Errors such as are but acorns in our younger brows grow oaks in our older heads, and become inflexible.

But for my part, my lord, I then thought, and am still of the same opinion, that error, and not truth of any kind, is dangerous; that ill conclusions can only flow from false propositions; and that, to know whether any proposition be true or false, it is a preposterous method to examine it by its apparent consequences.

Edmund Burke: Vindic. of Nat. Society, 1756.

It is almost as difficult to make a man unlearn his errors as his knowledge. Mal-information is more hopeless than non-information; for error is always more busy than ignorance. Ignorance is a blank sheet on which we may write; but error is a scribbled one on which we must first erase. Ignorance is contented to stand still with her back to the truth; but error is more presumptuous, and proceeds in the same direction. Ignorance has no light, but error follows a false one.

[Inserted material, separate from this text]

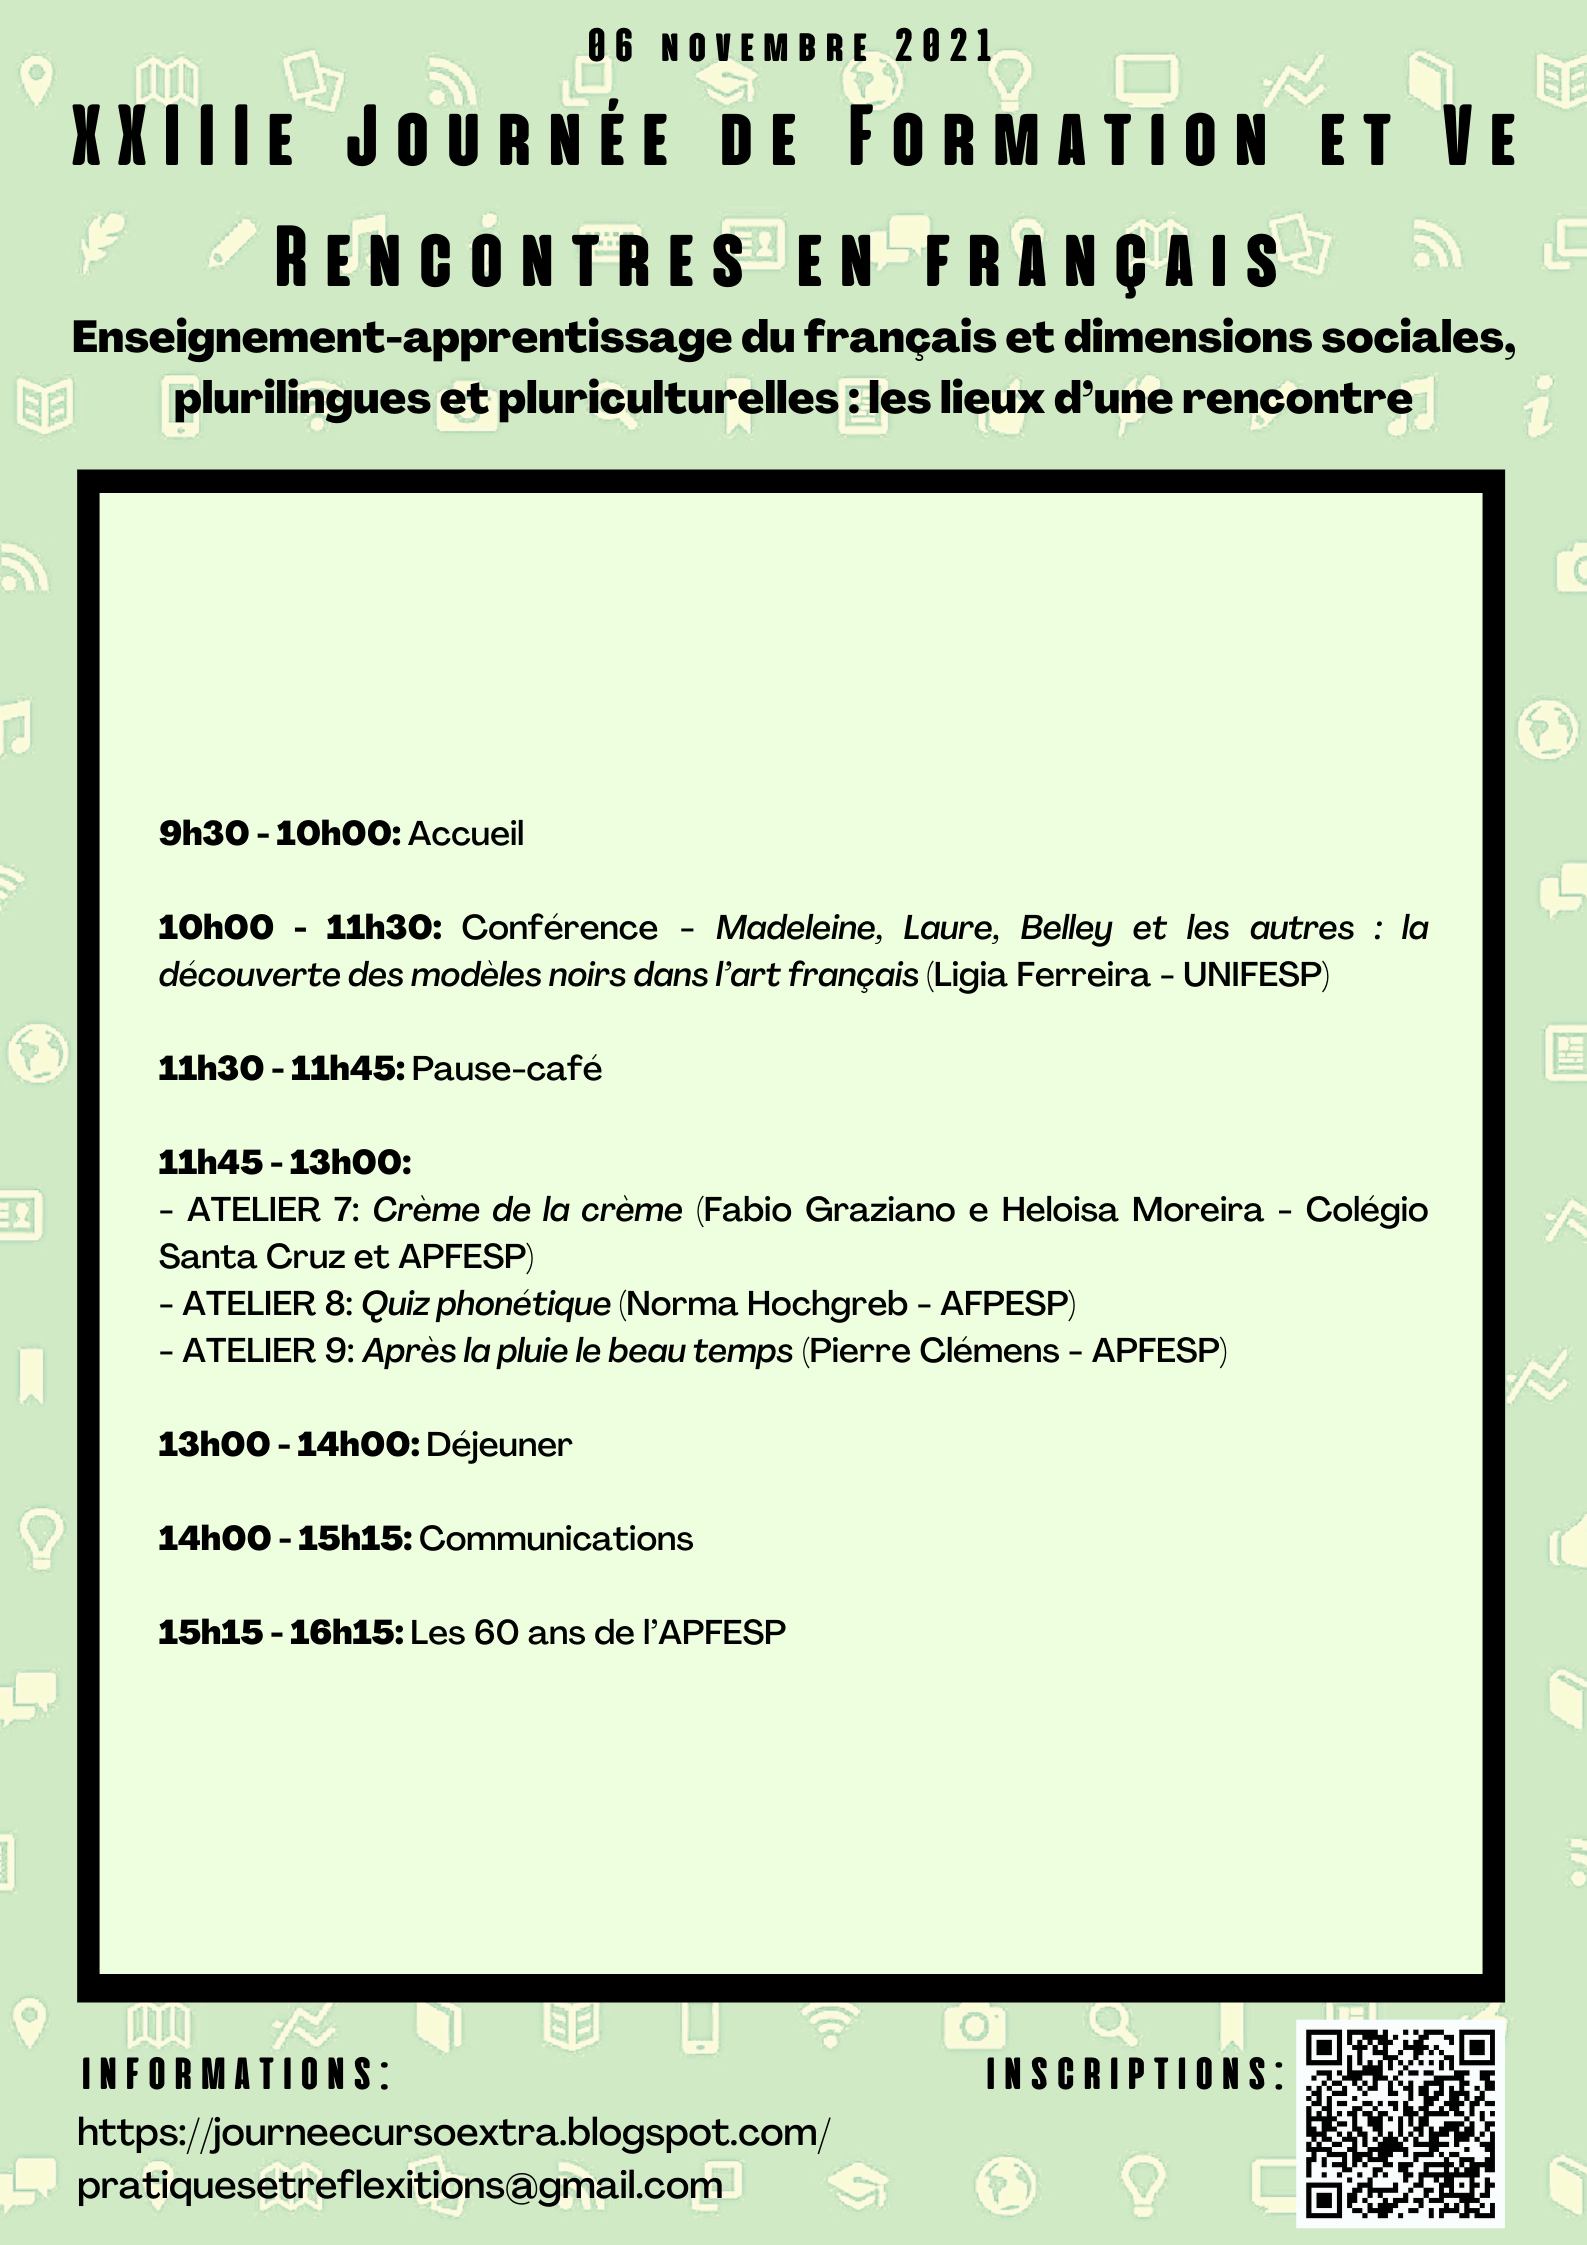 Programação da XXIIIe Journée de Formation et Ve Rencontres en français, dia 06

The consequence is, that error, when she retraces her footsteps, has farther to go, before she can arrive at the truth, than ignorance.

Charles Caleb Colton: Lacon.

Misunderstanding and inattention create more uneasiness in the world than deception and artifice, or, at least, their consequences are more universal.

Every absurdity has a champion to defend it; for Error is always talkative.

Every error is a stain to the beauty of nature, for which cause it blusheth thereat, but glorieth in the contrary.

Richard Hooker.

The cause of error is ignorance what restraints and limitations all principles have in regard of the matter whereunto they are applicable.

Richard Hooker.

When men’s affections do frame their opinions, they are in defence of error more earnest, a great deal, than, for the most part, sound believers in the maintenance of truth, apprehending according to the nature of that evidence which scripture yieldeth.

Richard Hooker.

To be indifferent whether we embrace falsehood or truth is the great road to error.

Ignorance, with indifferency for truth, is nearer to it than opinion with ungrounded inclination, which is the great source of error.

The foundation of error will lie in wrong measures of probability; as the foundation of vice in wrong measures of good.

To a wrong hypothesis may be reduced the errors that may be occasioned by a true hypothesis but not rightly understood: there is nothing more familiar than this.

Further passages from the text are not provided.